New York Chef Masa Takayama prepares sushi. Masa
The opulent Columbus Circle institution will hike its menu price by up to $150 in April
Masa in Midtown has long held the title of the country’s most expensive restaurant, a distinction it doesn’t appear to be in danger of losing thanks to a new eye-popping set of prices. An extravagant counter meal of wagyu beef, caviar-crowned toro, and white truffle ice cream will soon cost at least $1,000 per person, and that’s before a single drop of wine or sake is poured.
In the early aughts, a time of gilded, sometimes Marie Antoinette-style opulence in the New York dining world, a solo meal at the sushi den used to run an unthinkable $500 or thereabouts. Now, that wild number almost seems quaint.
Starting in April, a prized bar seat at the restaurant will jump by $150 to $950, according to the venue’s reservations page. Add on tax and the omakase service will run $1,034. Patrons choosing to sit at one of the tables will pay $750, a $100 increase. A spokesperson did not respond to an Eater inquiry about the new pricing.

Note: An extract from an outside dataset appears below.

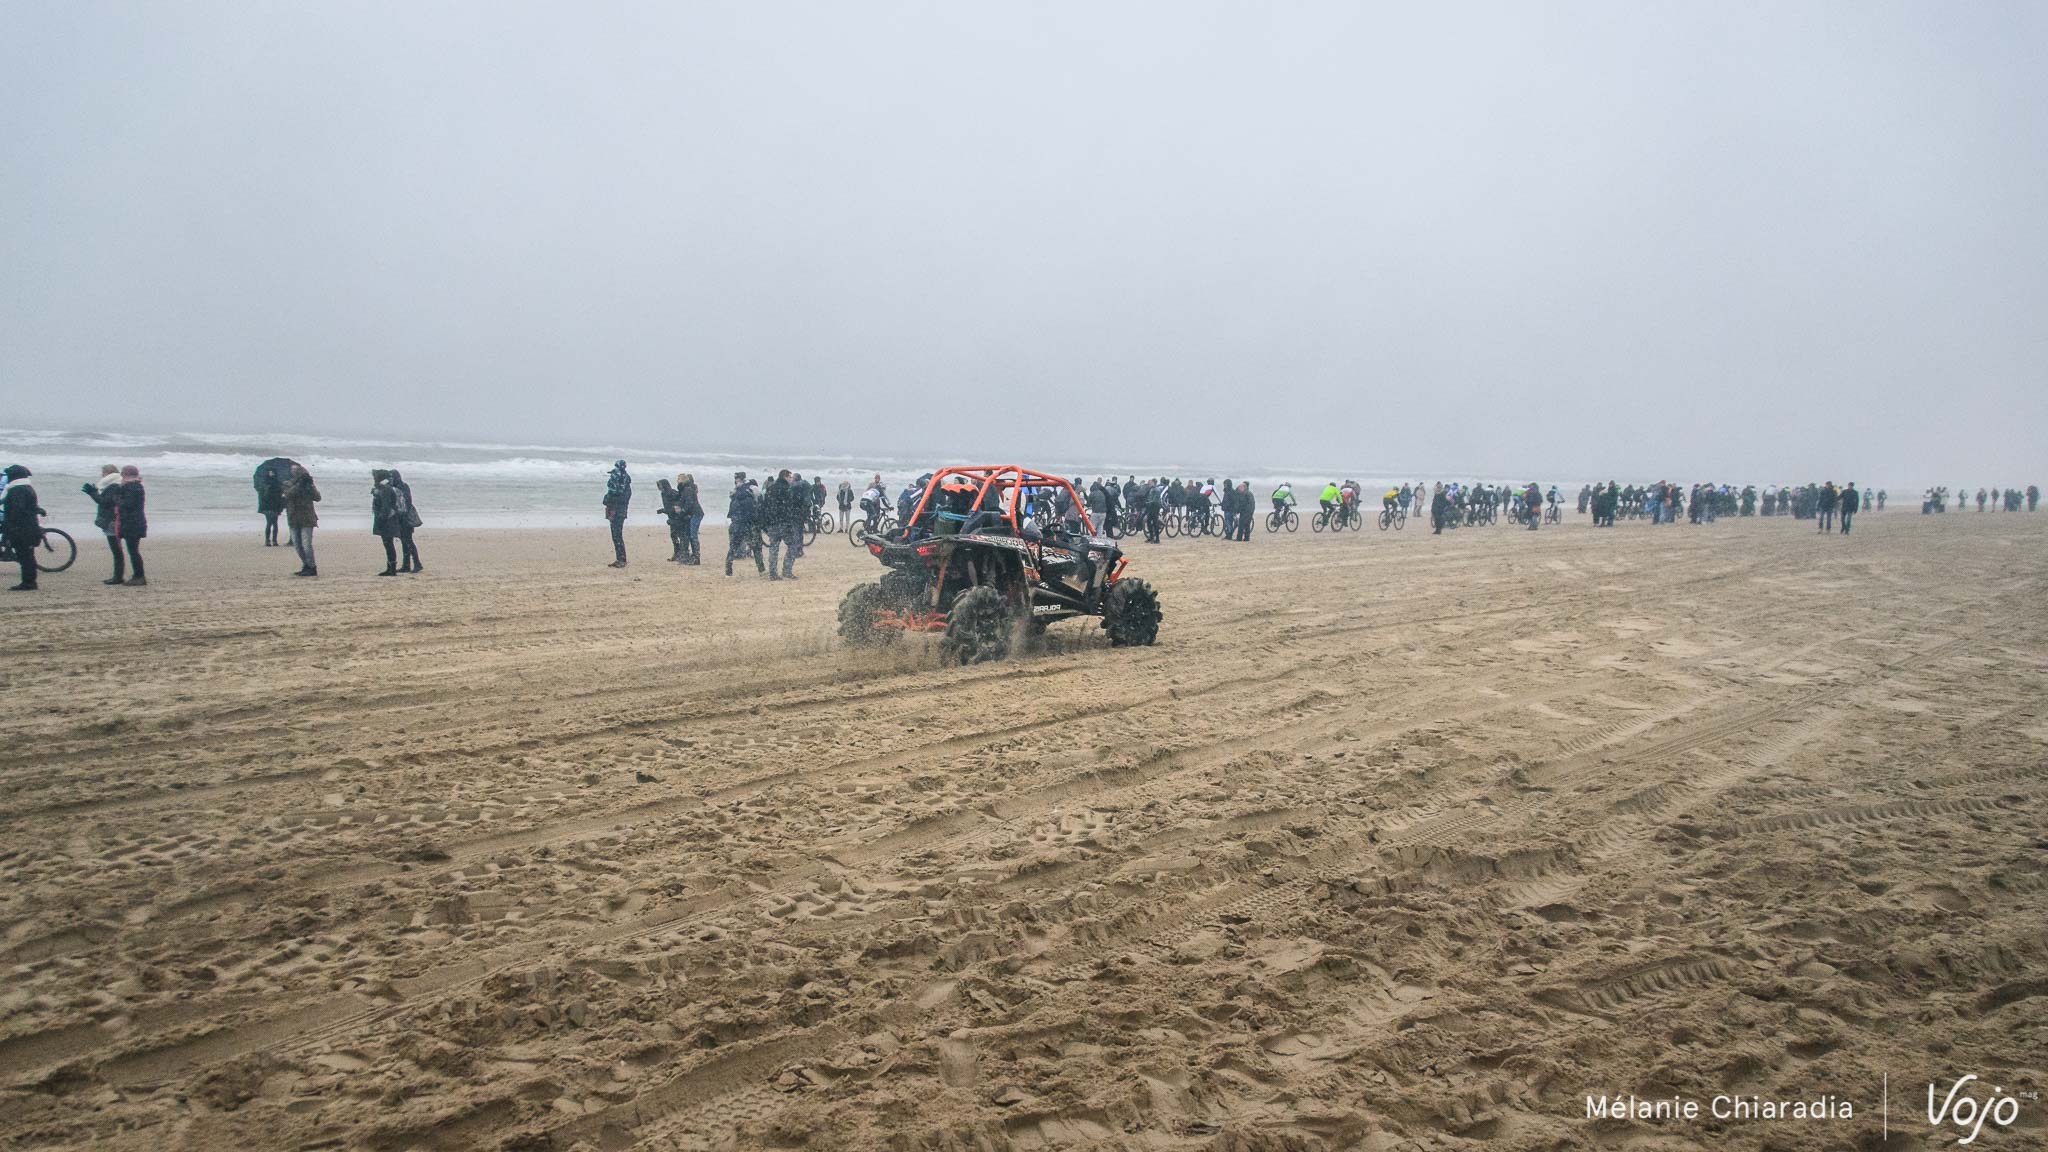 beachrace_egmond_pier_egmond_mel_copyright_obeart_vojomag-20-2

Masa, it should be noted, is not an obscure private club for yacht owners. The chef, Masa Takayama, accompanied Anthony Bourdain during an episode of No Reservations, and has appeared on Late Night with Seth Meyers. The restaurant itself received a maximum grant of $5 million from the Restaurant Revitalization Fund last spring, a pandemic-era program that most New York culinary establishments were shut out from. And Masa is the only stateside sushi-ya with three Michelin-stars, an accolade reserved for establishments so impressive that they merit, in the words of the Red Guide inspectors, a “special journey.” It’s the type of place that would theoretically justify a trans-Atlantic voyage.
The new pricing, however, allows for a more sobering superlative: Masa now ranks as the only high profile U.S. restaurant where dinner for one will regularly command $1,000 per person before drinks. Even amid Manhattan’s competitive fine dining scene, no other venue even comes close in price — with the exception of a particularly extravagant menu offering at Per Se, conveniently located next door to Masa at the Deutsche Bank Center.

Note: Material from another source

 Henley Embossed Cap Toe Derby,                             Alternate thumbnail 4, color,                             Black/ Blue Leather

Masa’s pricing has long trended in an exclusionary direction, but a meal for two that will likely run close to $2,500 after beverages telegraphs even more aristocratic energy, something to the effect of: If you have to compare the cost of a dinner with what you spend on monthly rent or an entire vacation, maybe this place isn’t for you.
An $800 temaki box Masa offered earlier during the pandemic. Gary He/Eater
Takayama’s hike is just the latest in the wake of upward price moves throughout the city’s high-end Japanese scene. Rising food and supply chain costs, along with strong consumer demand, have pushed the cost of a luxe sushi dinner into the $400 per person range at no fewer than seven venues across Manhattan.